議案は今月9日、現在開会中の府議会での成立を目指して吉村知事が提出していました。
吉村知事はこの方針について、「府議団代表と大阪市の横山市長の話で出た」と話し、「府議団の判断を尊重しますが、決してネガティブではない」「市議団とも話をする中で『継続審議も選択肢ではないか』というのはポジティブ」と語りました。
この法定協議会の設置議案は、吉村知事と横山市長が「3度目の都構想への挑戦」を掲げて実施した出直し選挙を経て、現在開かれている府議会・市議会での成立を目指していました。
しかし、維新の大阪市議団が慎重な姿勢を示し、横山市長が「自身の判断」として市議会への議案提出を見送っていました。
■法定協設置議案“継続審議方針”は「府議団代表と横山市長の話の中で出た」
まず吉村知事は「法定協議会の設置議案」を継続審議とすることについて、維新の大阪府議団の代表と市議会への提案を見送った横山市長とが協議をする中で出た考えだと説明しました。
【吉村知事】「これについては、河崎府議団代表、そして横山市長が話をしていく上で、また話をまとめていくと、そしてこのところを進めていくという上でも、今回府議団のについては継続審議というのも1つの選択肢じゃないかということ。
これがこの2人の話の中で出たと聞いて、またそれを受けて府議団としてどうするのか、ここについては、僕自身はその判断を尊重したいと思っています。
維新の会の仲間ですから、みんな“大阪都構想”を目指そうという集団ですので、ただそのプロセス進め方の問題だと思いますから、ここは一致団結できるように進めていくこと。それが重要だと思います」
■継続審議でも「決断の時期を維新の中で協議して決めるということ。

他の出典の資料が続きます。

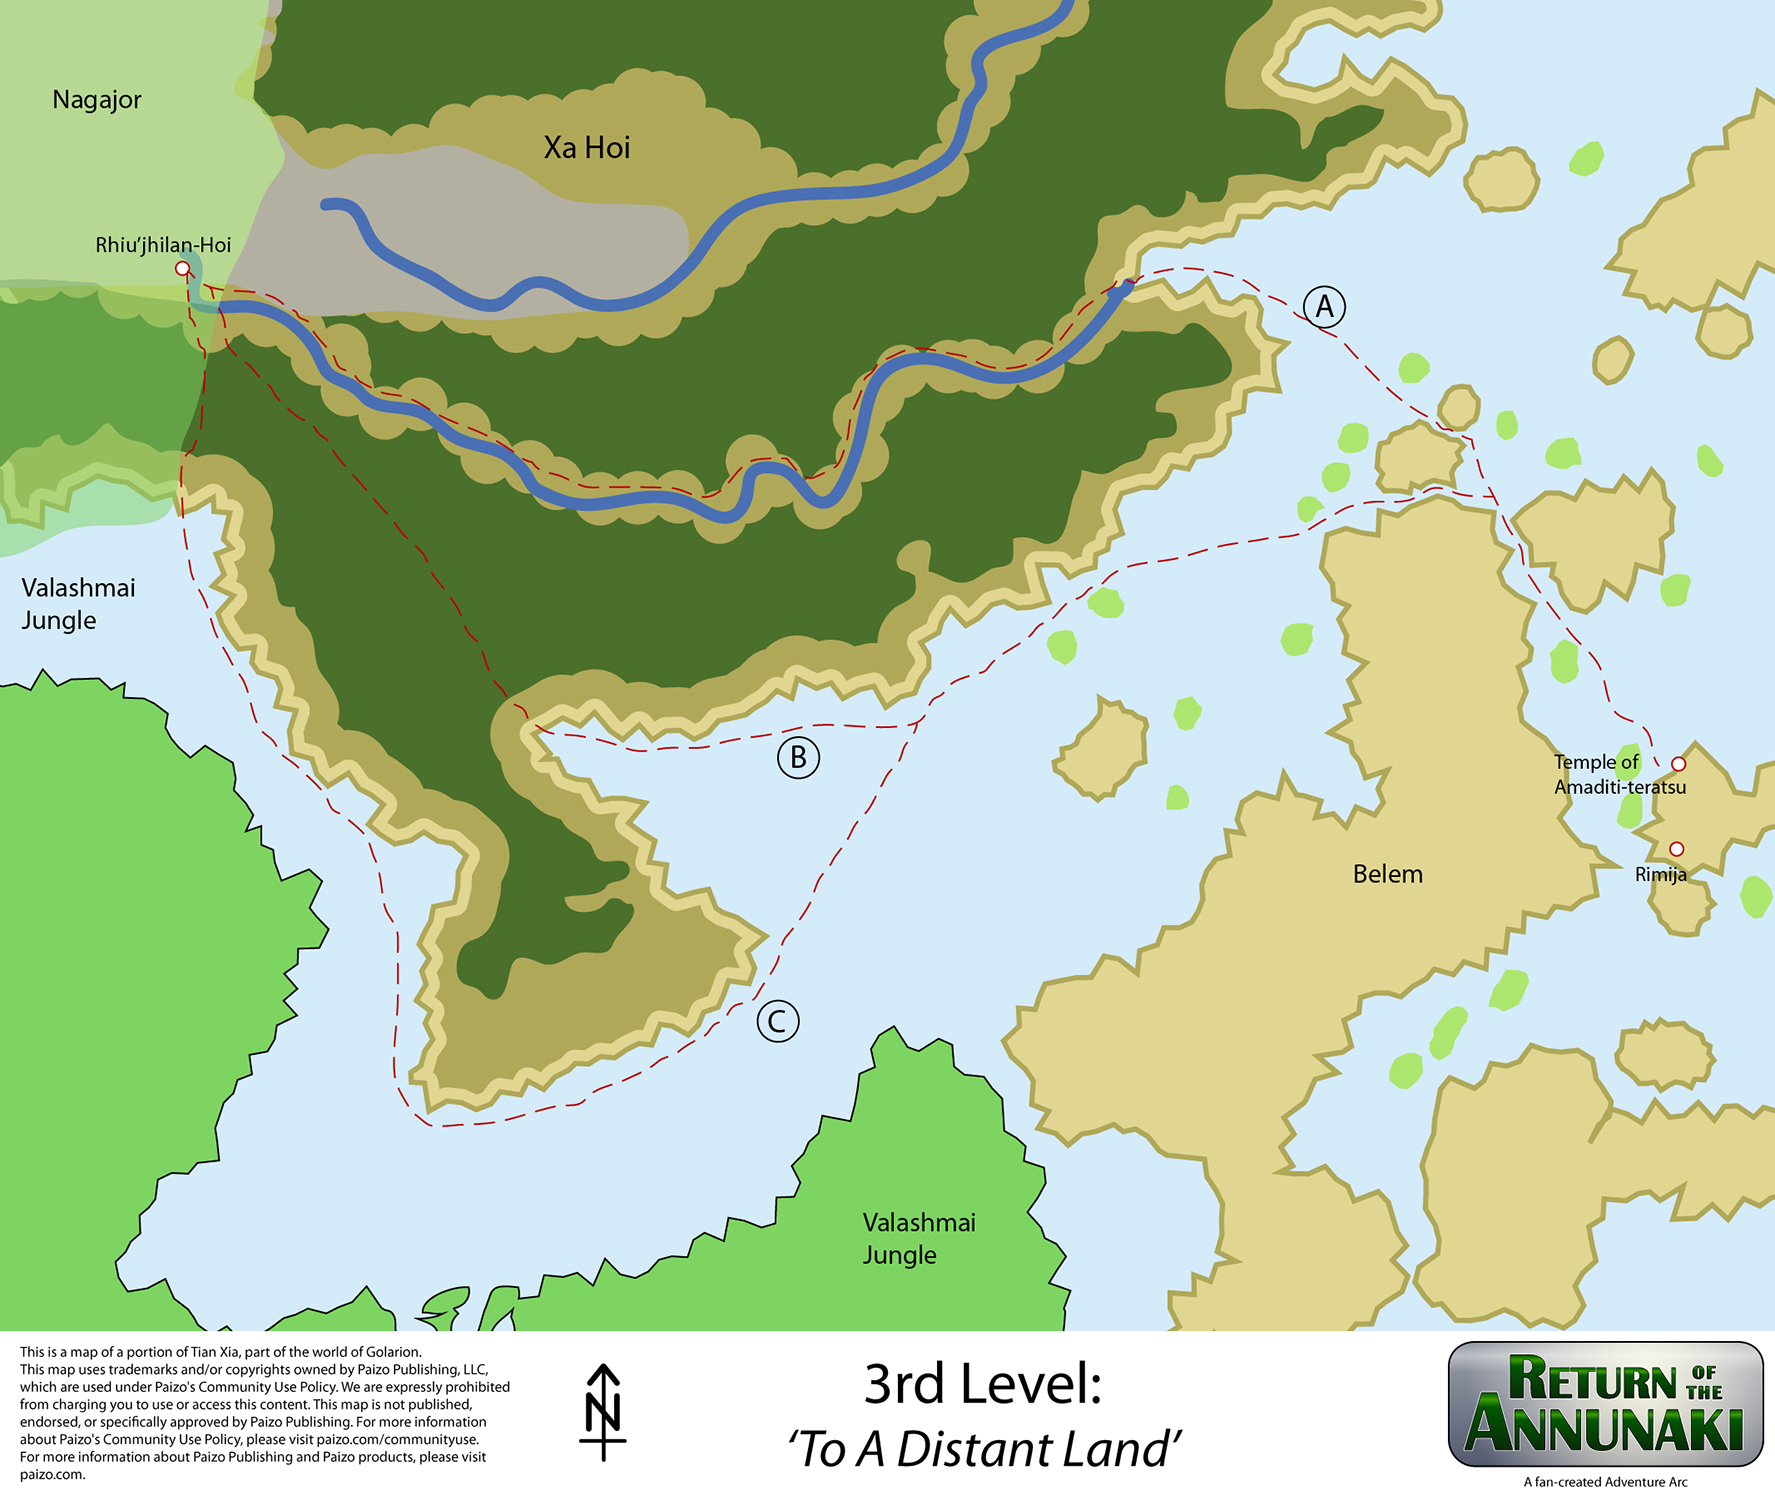 RotA map lvl03 routes to RJH, nagajor

矛盾はない」
そして「法定協議会設置には、市議会・府議会両方の議決が必要と言う中で、府議会だけでも先行させるという狙いで議案を提出したことと、継続審議になることは、食い違いが生じるのでは?」と質問を受けると、「決断の時期を維新の中で協議して決めるということで、特に矛盾はない」と答えました。
【吉村知事】「いずれにしても、これは両議会で議決しないといけない。成り立たないものでもありますし。
またこれは選挙でも公約で掲げたことですから、提案をして、議会で議論を深めていくということは大切なことだと思います。
ただ決断の時期というか、そこについて、よく維新の会の中で、協議をして決めるということだと思います。特に矛盾はないと思います。
しっかり議会でも議論することは大切なことだと思います。またそこに向かって進んでいくことも大事なことだと思います
またあわせてやはり、市議会・府議会の両方で議決がないと法定協は設置できないということは事実でもありますから、維新の会の中で一致団結して進めていければいいと思います」
■「市議団とも話をする中で『継続審議も選択肢ではないか』というのはポジティブ」
その上で、継続審議となっても「否決ではなく、ネガティブではない」という認識を示しました。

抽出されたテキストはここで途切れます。